Dazu vgl. auch: Komplexe Wahrheiten - Die Homogenisierung der Klima-Berichterstattung ist ein Problem Kommentar Axel Bojanowski Übermedien 20. September 2019
Dort hatte er freilich noch deutlich vorsichtiger formuliert: "Nur wenn wissenschaftliche Daten weder verfälscht noch verleugnet werden, wird sich die Gesellschaft vernünftig auf den Klimawandel vorbereiten können."
Weshalb hat er sich jetzt für eine so viel fragwürdigere Formulierung entschlossen?
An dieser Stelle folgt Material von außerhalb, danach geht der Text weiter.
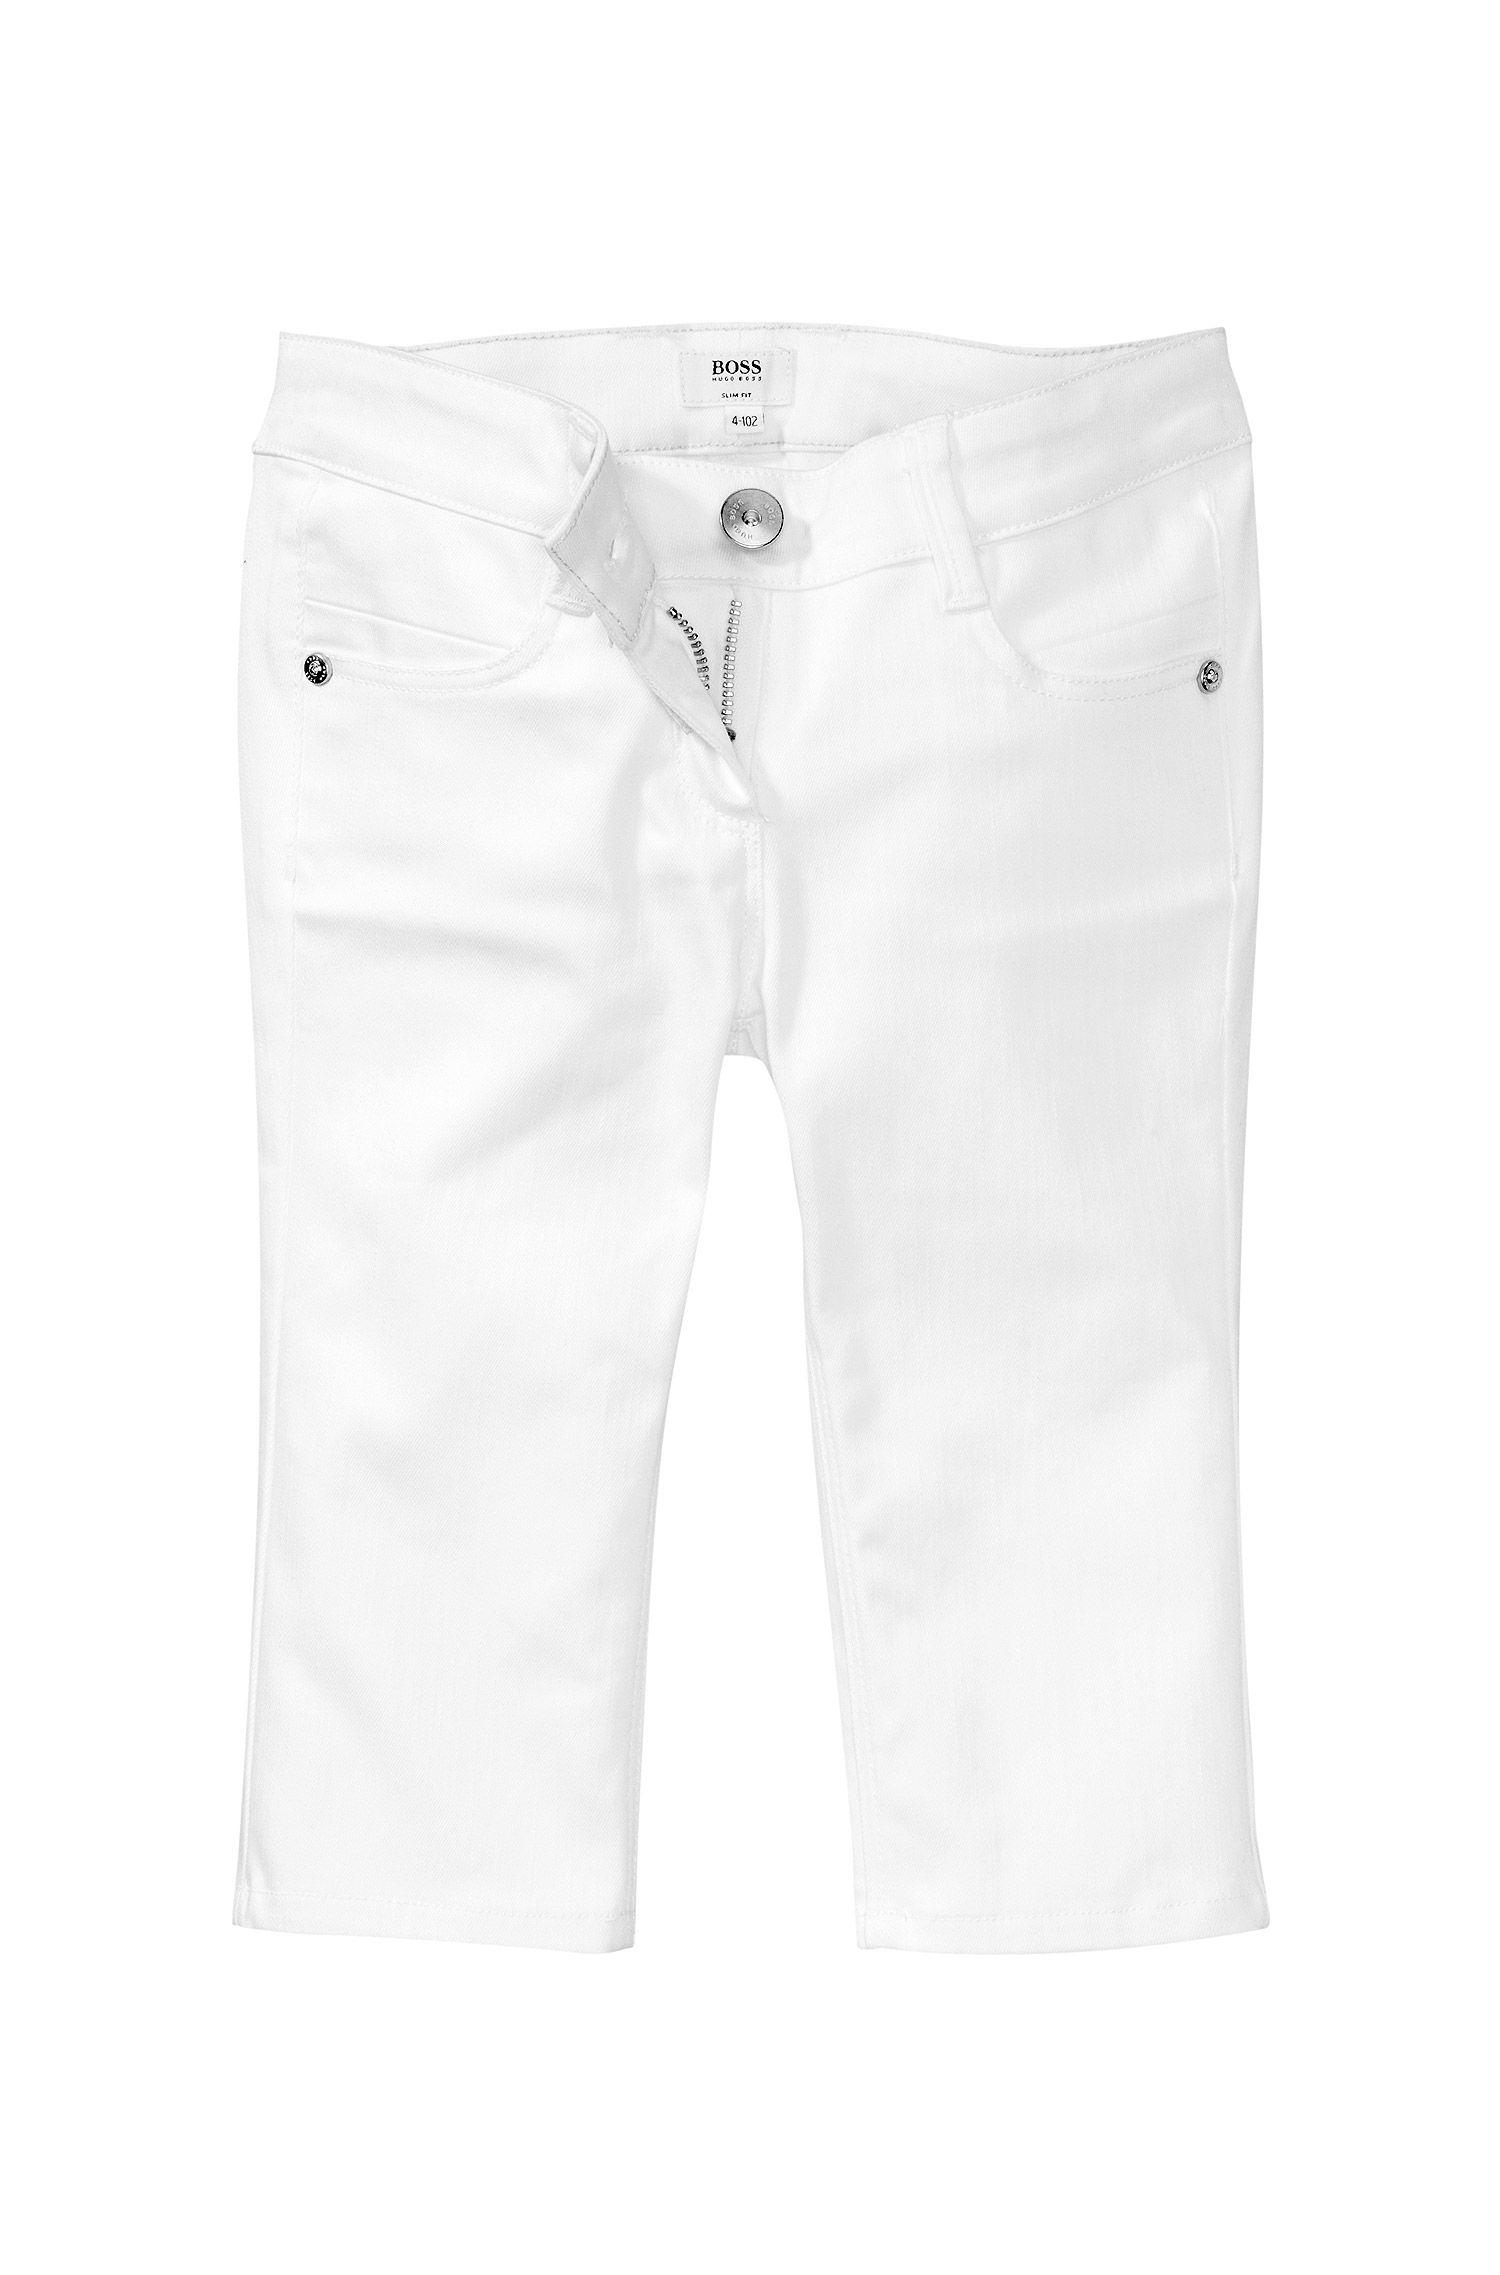 Jeans 'J14108' van katoen met elastaan

Weil gegenwärtig die Bereitschaft, den menschengemachten Klimawandel abzubremsen zugenommen hat?

Dienstag, 16. Juni 2015

Hans Jonas im Interview zur Frage, weshalb die Menschheit sich ihren Problemen nicht stellt

Hans Jonas: "Der Geist hat ja eine ganz merkwürdige Doppelrolle gespielt. Einerseits hat er die Gefräßigkeit der Menschen ungeheuerlich erhöht. Ausgerechnet der Geist ist ja das Instrument dafür gewesen, daß wir so ungeheuer anspruchsvoll in den Bedürfnissen unserer Leiber geworden sind. Andererseits hat der Geist ein Reich der Werte geschaffen, das um seiner selbst willen gepflegt wird; wofür Menschen das Äußerste einsetzen in der Kunst, in der Erkenntnis, aber auch in der Pflege der Emotionen. [...]Man kann in abstracto einen Entwurf machen für eine Diktatur der Menschheitsretter. Aber wie stellt man sich vor, daß eine wirklich selbstlose Elite an die Macht kommen wird, daß diese selbstlos bleiben wird und in ihrer Selbstlosigkeit auch anerkannt wird? [...]Was ich mir viel eher vorstellen kann, ist das Hereinbrechen sehr schlimmer Zustände, die zu kompromißbereiten Abmachungen zwischen den ökonomischen, politischen und sozialen Machtgruppen führen; daß man sich auf einen Modus einigt, der sowohl den Menschen einigermaßen akzeptabel ist als auch der Natur. " (DER SPIEGEL 20/1992 - Hervorhebungen von Fontanefan)
Die gegenwärtigen Krisen zeigen dafür wenig überzeugende Beispiele. Insbesondere das Verhalten der EU in Flüchtlings-, Griechenland- und Ukrainekrise bieten sie nicht.
Aber in allen drei Krisen zeigen sich Ansätze zu Kompromissen.